Interpretation — Income and level of education are strongly associated with early mortality and readmissions after primary THA, and both parameters are closely connected to health status. Since adjustment for socioeconomic confounders only marginally improved the predictive ability of multivariable regression models our findings indicate that comorbidities may under certain circumstances serve as an acceptable proxy measure of socioeconomic background.
Socioeconomic status is strongly associated with both access to and the outcome after major surgical interventions, including total joint replacements that represent one of the most common surgical interventions in developed countries (Kurtz et al. 2007, Hunt et al. 2013, Berstock et al. 2014, Katz et al. 2017).

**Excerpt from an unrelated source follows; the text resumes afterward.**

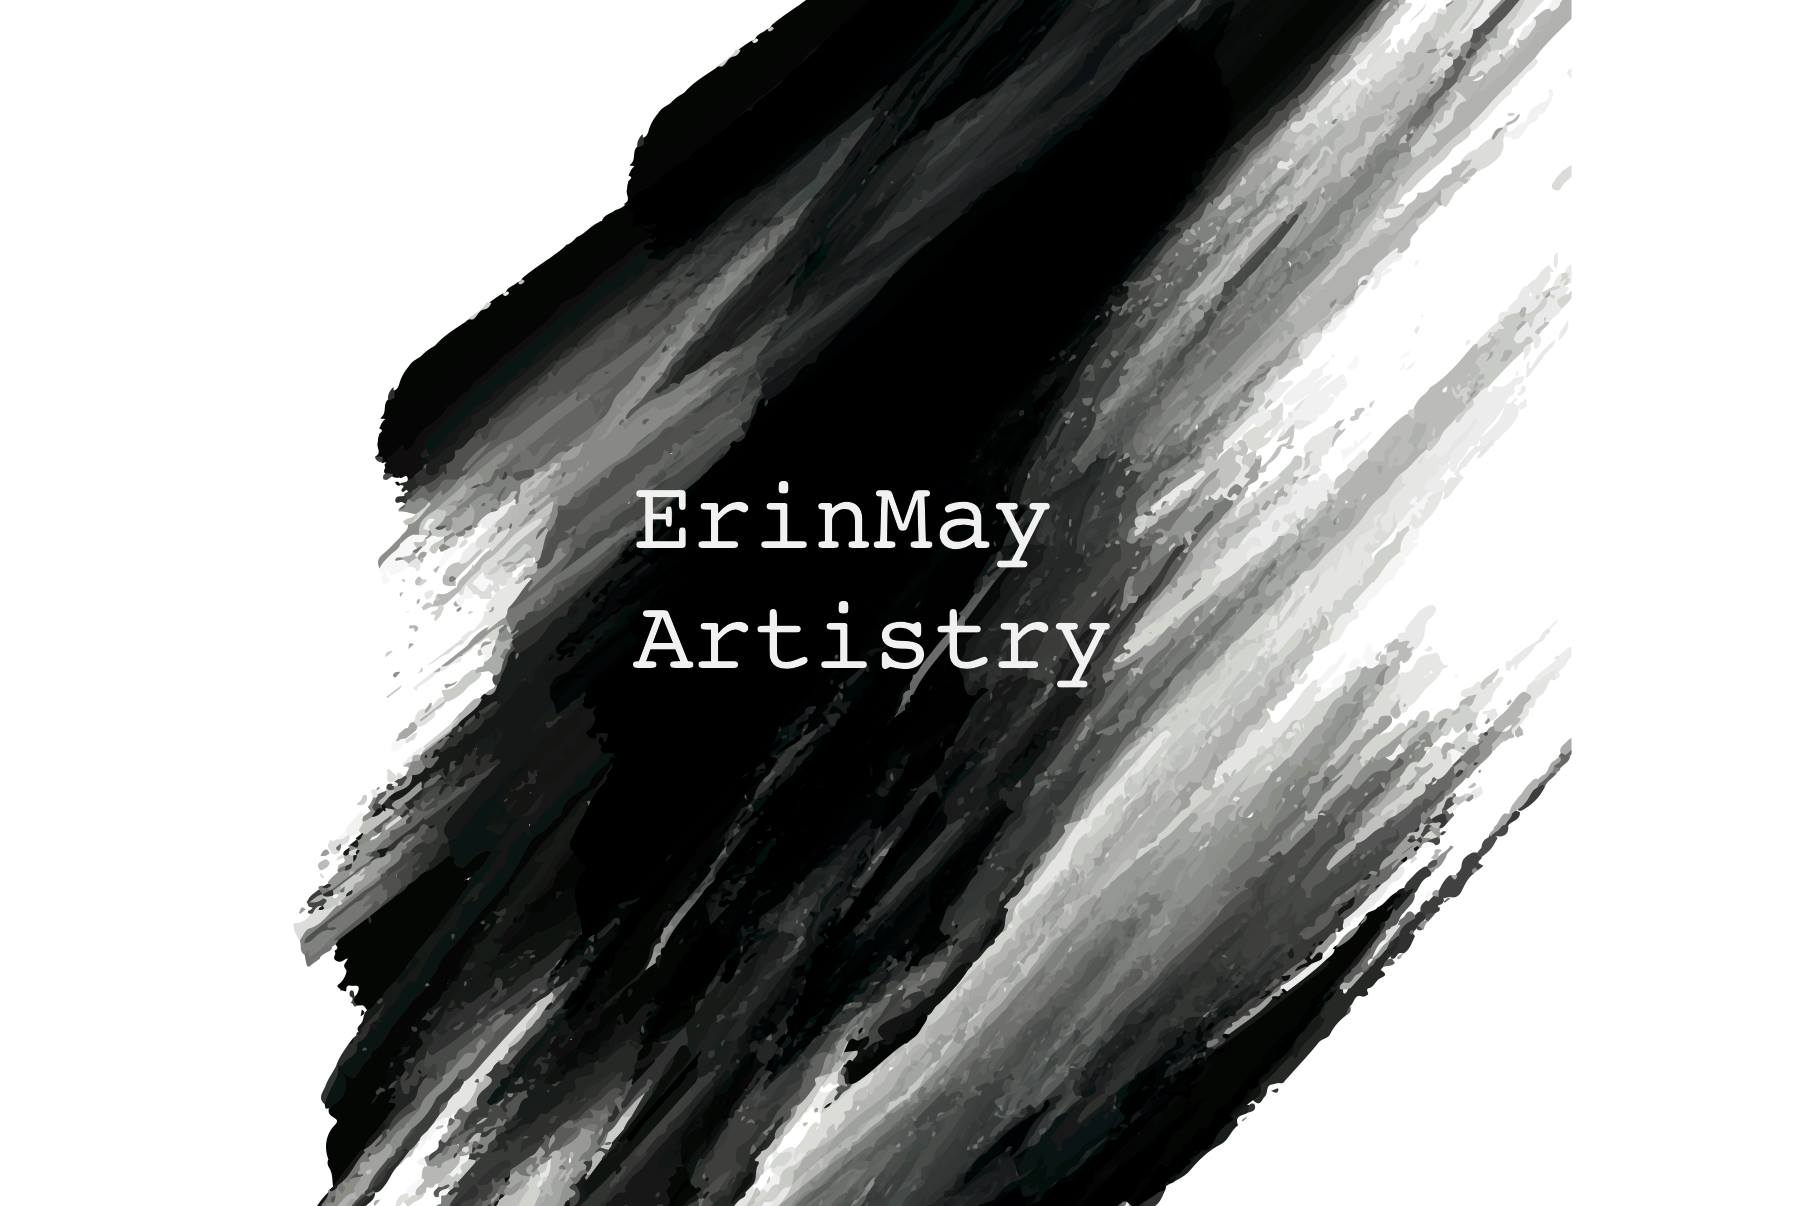 ErinMAY ARTISTRY Signature

The relationship between health and socioeconomic status is complex since socially deprived total hip arthroplasty (THA) patients have greater comorbidity and a higher prevalence of smoking compared with more affluent patients (Jenkins et al. 2009, Clement et al. 2011). Even in a European healthcare system with less pronounced social inequality, socioeconomically disadvantaged individuals are less healthy (Padyab et al. 2013). It was therefore postulated almost 2 decades ago that “performance measures should be stratified by socioeconomic position…” (Fiscella et al. 2000), but such stratification is rarely presented in studies on short-term complications after THA surgery.

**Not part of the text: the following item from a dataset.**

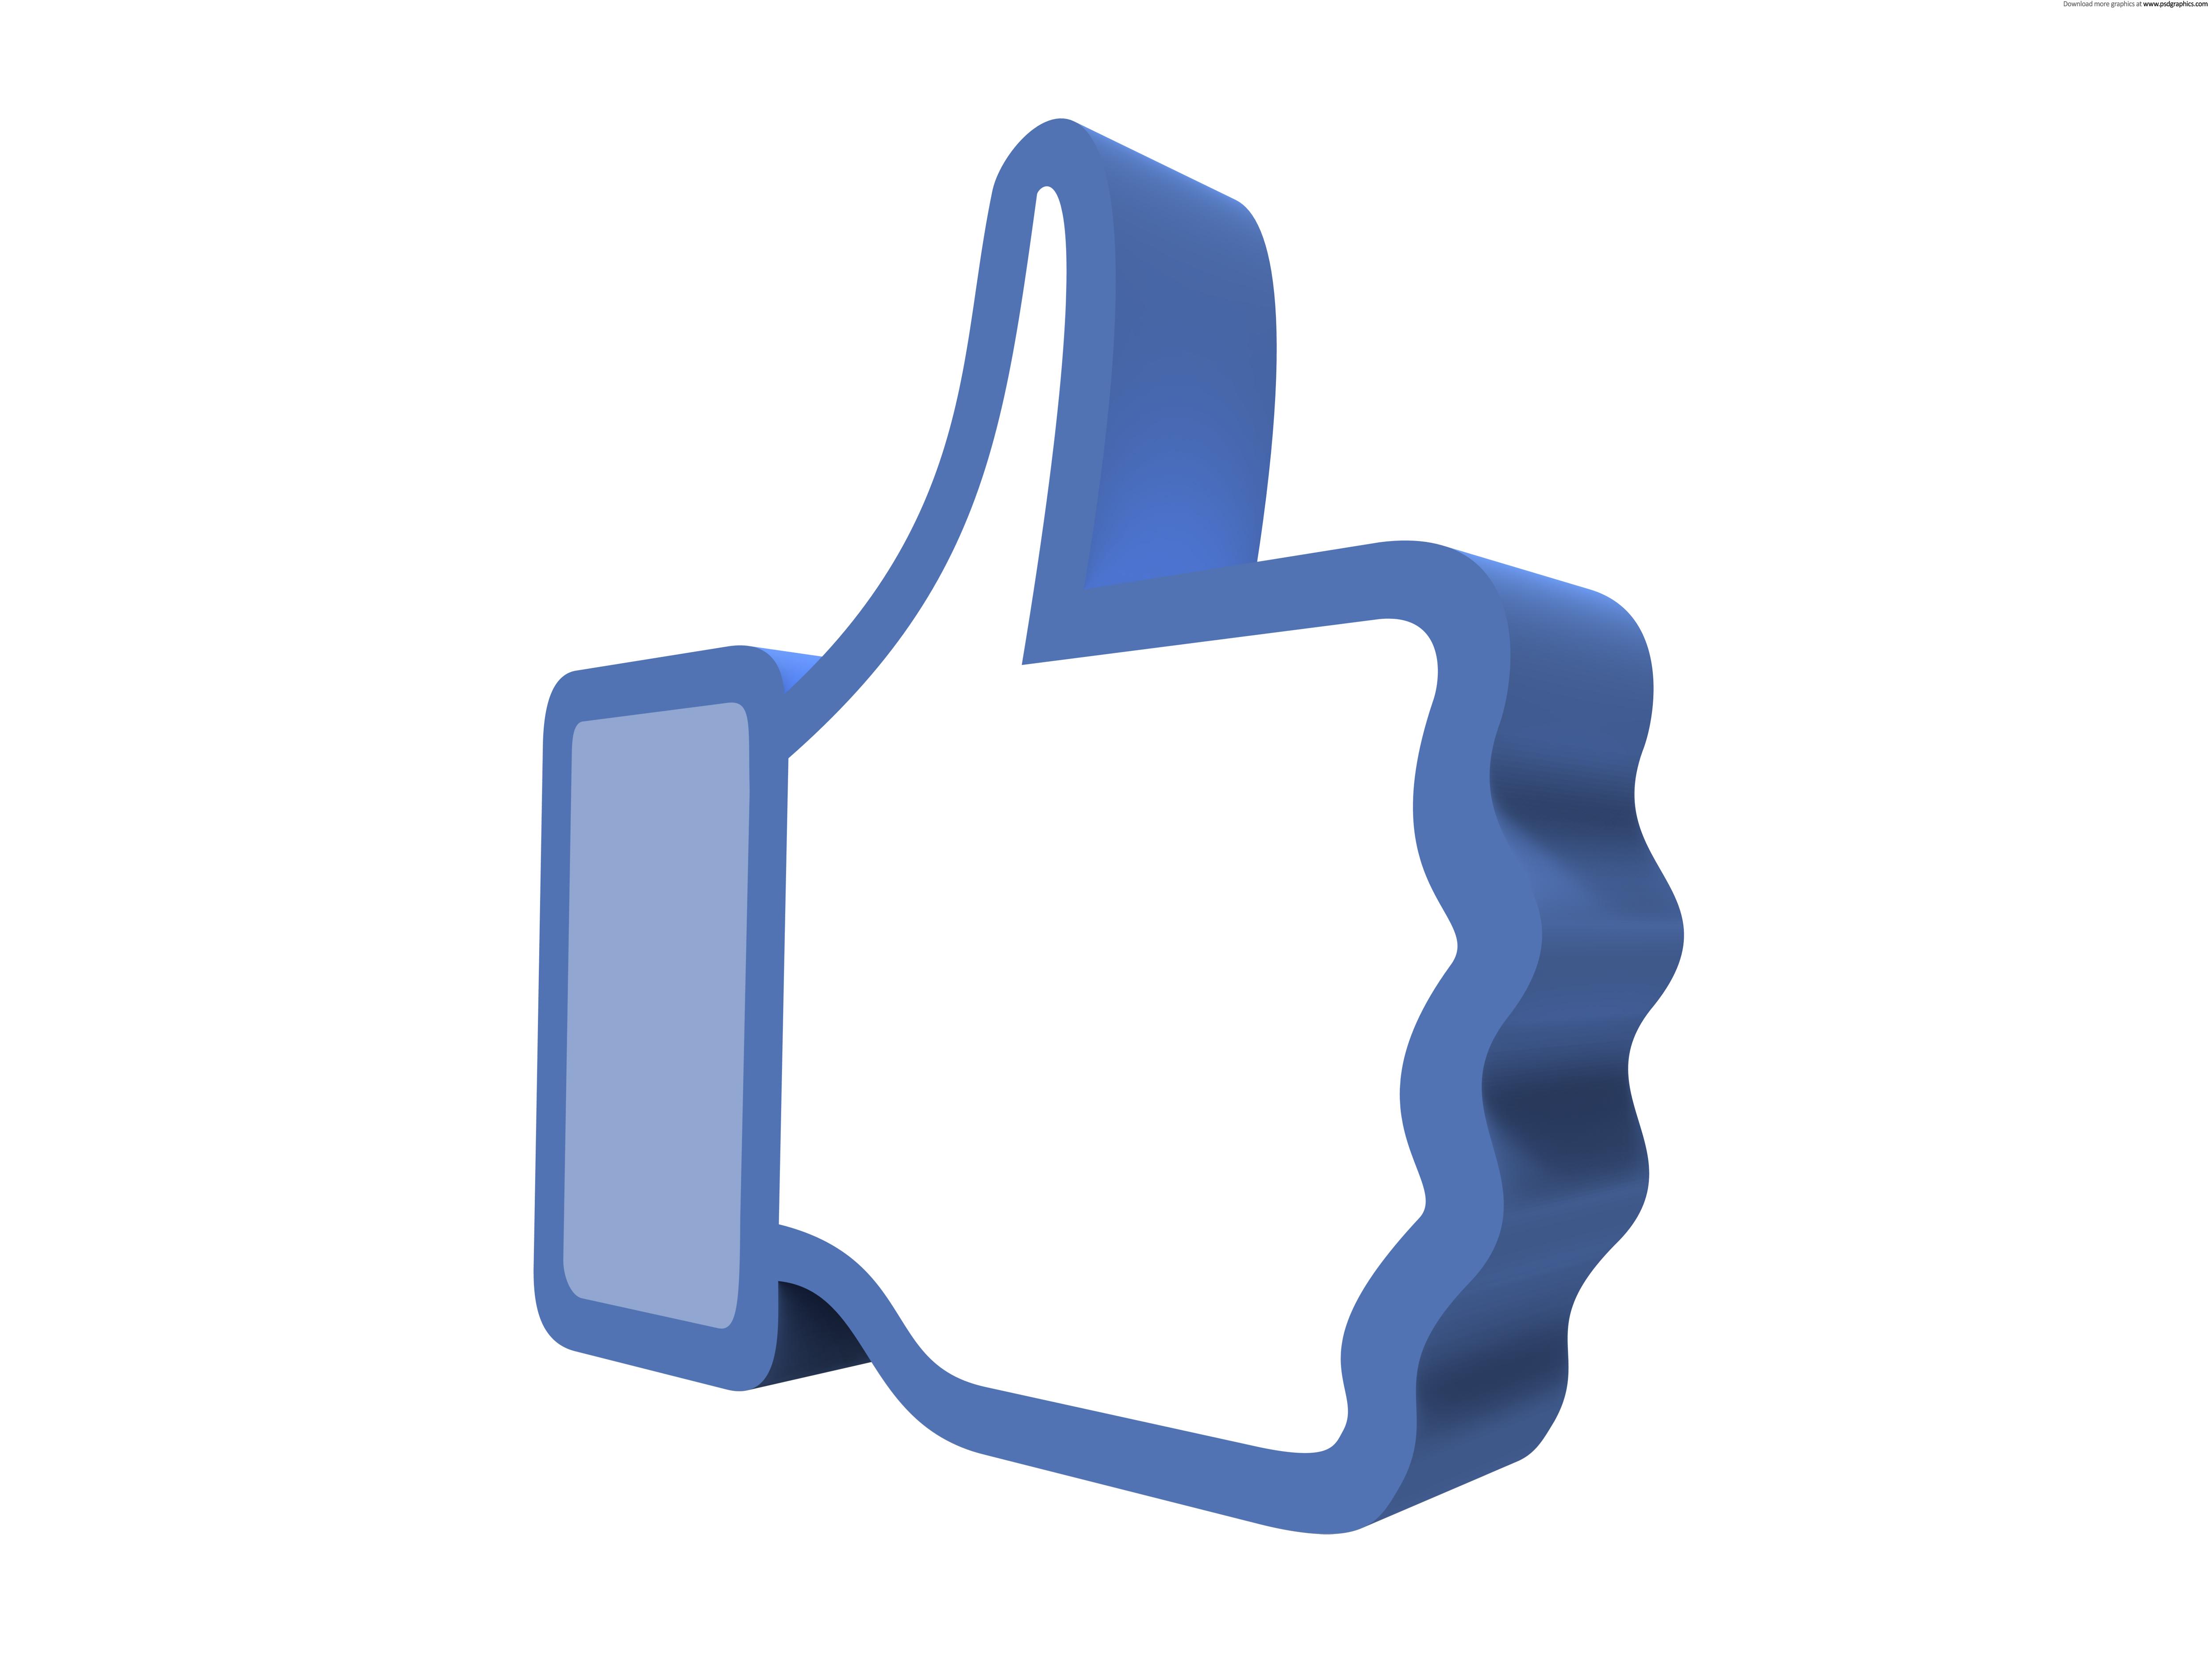 5000x3750 Facebook Like Button Clipart

Therefore we examined (1) how personal income, level of education, cohabiting, and immigration status affect early mortality and readmission rates after primary THA surgery due to OA, and (2) whether adjustment for such socioeconomic confounders substantially changes the attained risk estimates and the predictive ability of regression models. Early mortality was defined as 30- and 90-day mortality, and hospital readmissions were divided into those that occurred for cardiovascular disease, or for any reason.
Patients and methods
Data sources
We extracted all patients operated with a primary THA from the Swedish Hip Arthroplasty Register (SHAR) 1992–2012 but excluded patients operated for reasons other than primary OA of the hip (Figure 1, see Supplementary data). To avoid dependency issues only the first operation was accounted for in patients with bilateral THA. National coverage of the SHAR is complete and completeness of registration has been found to be stable around 96–98% (SHAR 2015, Soderman et al. 2000).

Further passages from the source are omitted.